Custom scripts and tools for running the guigolab/grape-nf pipeline on Amazon EC2 (Amazon Linux AMI) or other CentOS/RedHat machines
- System running CentOS 6.7/7 or Amazon Linux AMI
- at least 8 cores
- at least 32GB RAM
- approximately 50GB of free disk space per raw data file
Run the following command in a shell on the machine where you want to process your data
curl -fsSL https://github.com/leshaker/rnaseq_scripts/raw/master/install_rnaseq_pipeline.sh | bash
The script will install all dependencies and tools needed for processing files from GEO, CCLE or other sources (.bam
, .sra
or .fastq
files).
For installing only the sudo (packages, docker, tools in /opt/) or the user part (pipeline, reference genome etc.), type
curl -fsSL https://github.com/leshaker/rnaseq_scripts/raw/master/install_rnaseq_pipeline_sudo.sh | bash
or
curl -fsSL https://github.com/leshaker/rnaseq_scripts/raw/master/install_rnaseq_pipeline_user.sh | bash
respectively.
Add data sets to the file GEO_data.txt
in the following format
SRR2537160 GSM1898288_polycysticstemcell_expansionmedium_1_17p6
where the first part represenst the SRA run identifier from SRA and the second is the filename (ideally containing the GEO or SRA identifier).

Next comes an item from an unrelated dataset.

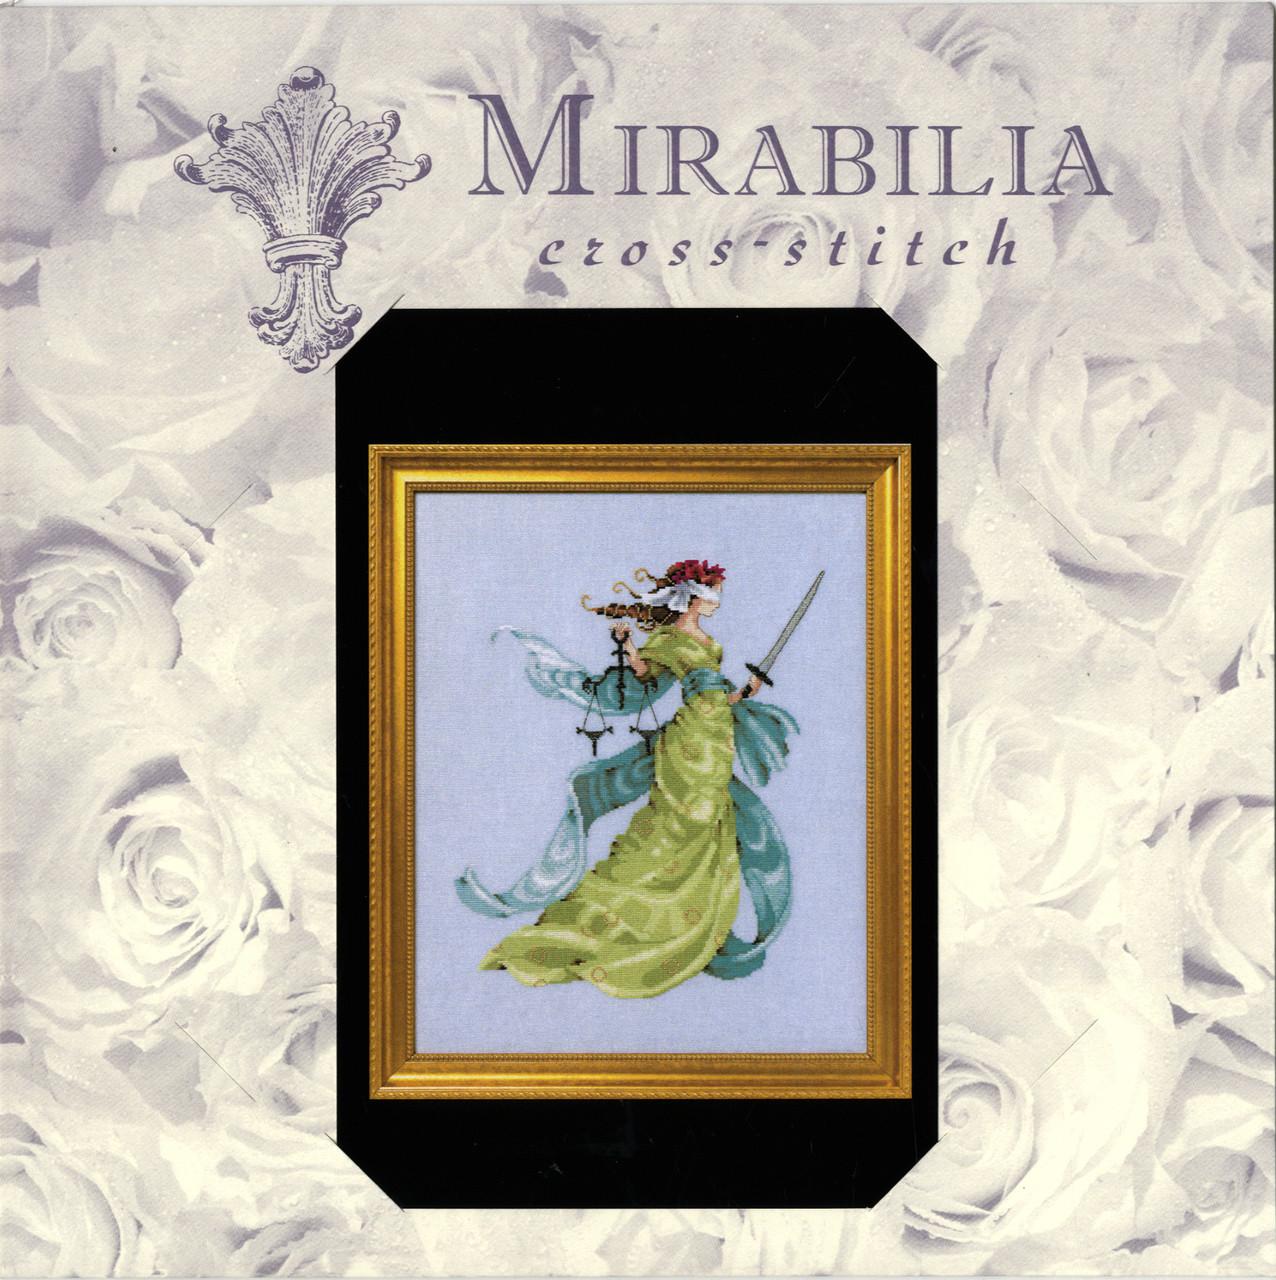 Mirabilia - Lady Justice

Then run the script run_loop.sh
for downloading, converting and processing all files in the GEO_data.txt
file.
cd ~/RNAseq_pipeline
./run_loop.sh GEO grape
Consider running the command within a screen
as the processing will take about 4h per file (on 36 core, 60GB RAM machine).
Add data sets to the file CCLE_data.txt
in the following format
b39b60cd-ed66-4824-9548-6e1396da753c G20463.C2BBe1.2.bam
e6b5d8f8-76ac-4598-954a-aadbf4306afa G27383.CL-40.1.bam
where the first part represenst the Analysis Id and the second is the Filename from the CGHub Browser
Then run the script run_loop.sh
for downloading, converting and processing all files in the CCLE_data.txt
file.
cd ~/RNAseq_pipeline
./run_loop.sh CCLE grape
Consider running the command within a screen
as the processing will take about 4h per file (on 36 core, 60GB RAM machine).

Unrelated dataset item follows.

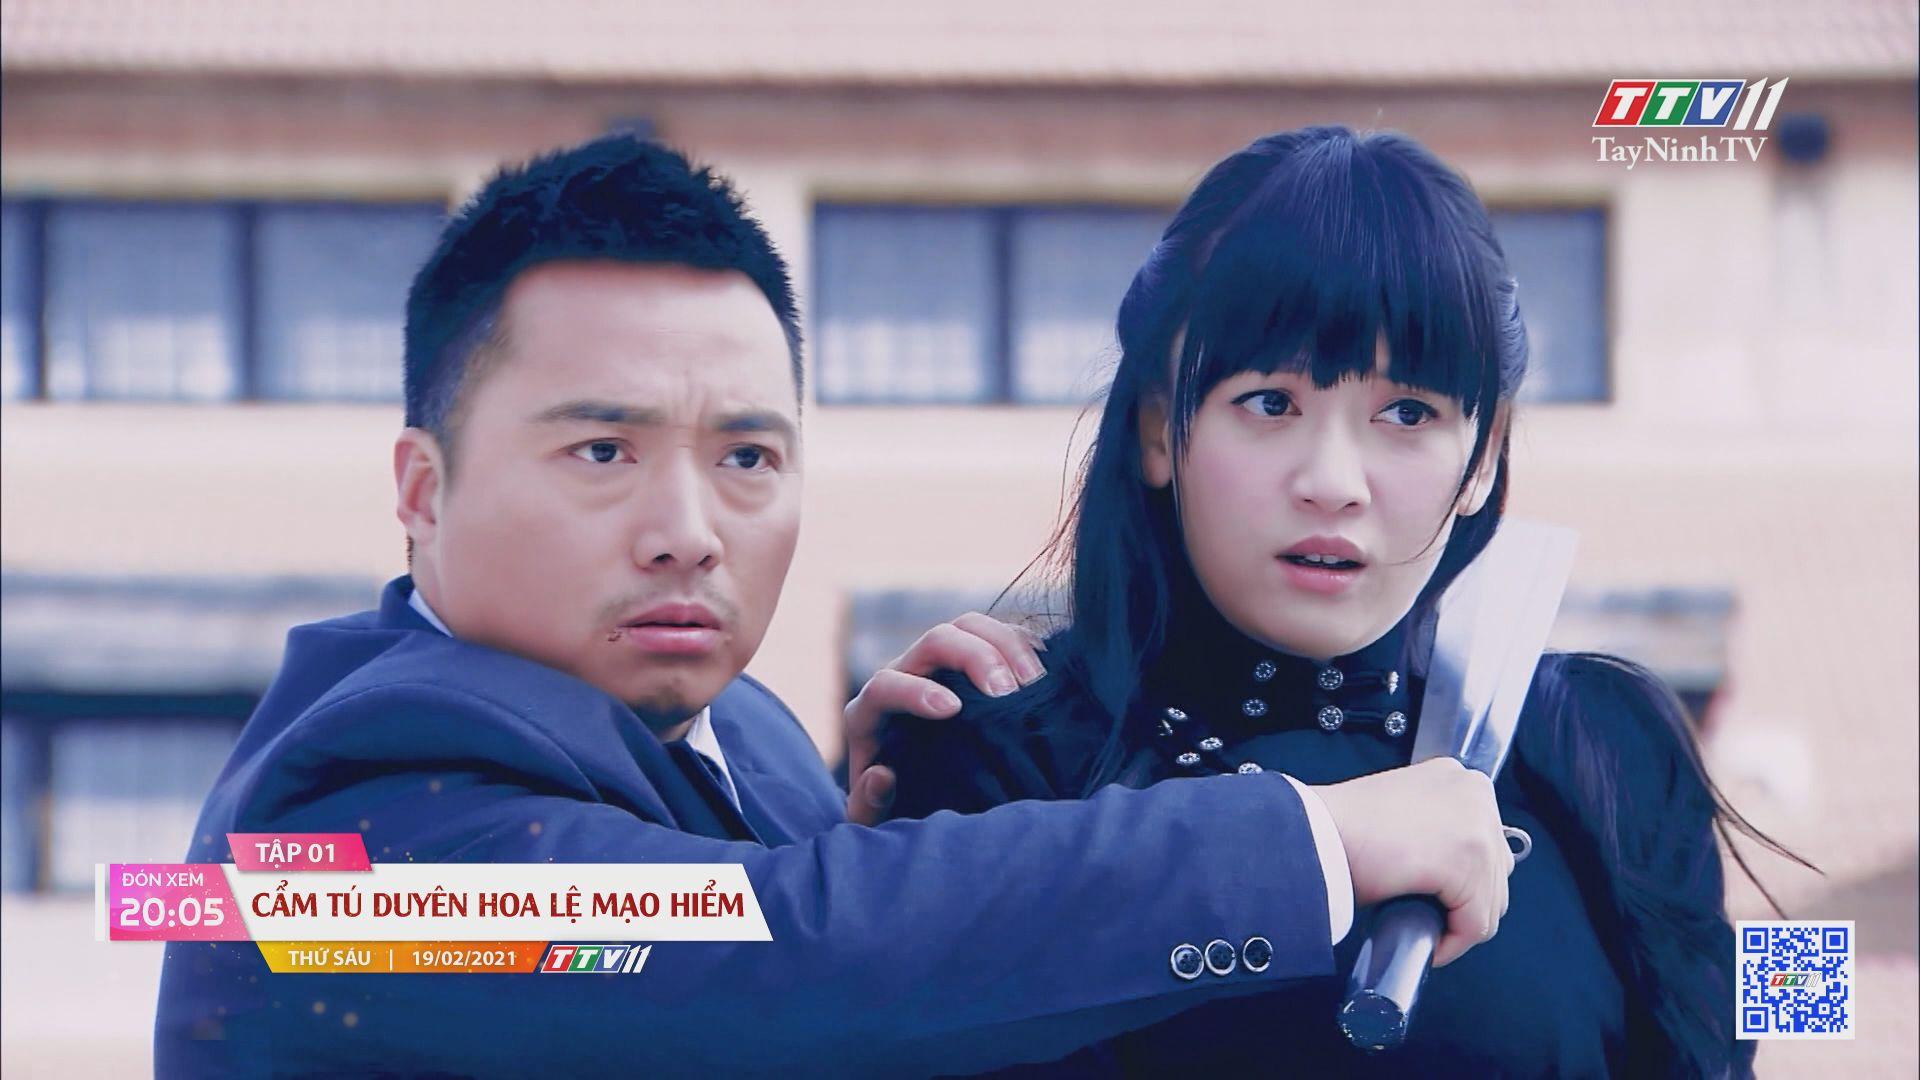 Cẩm Tú duyên hoa lệ mạo hiểm-Trailer tập 1 | PHIM CẨM TÚ DUYÊN HOA LỆ MẠO HIỂM | TayNinhTVE

Add data sets to the file USER_data.txt
in the following format
NK0_rep1 Sample1_NK_cells_untreated
NK0_rep2 Sample2_NK_cells_untreated
NK0_rep3 Sample3_NK_cells_untreated
NK5_rep1 Sample1_NK_cells_treated_with_5mg
NK5_rep2 Sample2_NK_cells_treated_with_5mg
NK5_rep3 Sample3_NK_cells_treated_with_5mg
where the first part represents the input filename (withouth fastq.gz
extension) and the second is the output filename.
Then run the script run_loop.sh
for processing all files in the USER_data.txt
file.
cd ~/RNAseq_pipeline
./run_loop.sh USER kallisto
Consider running the command within a screen
as the processing will take about 2h per file (on 36 core, 60GB RAM machine).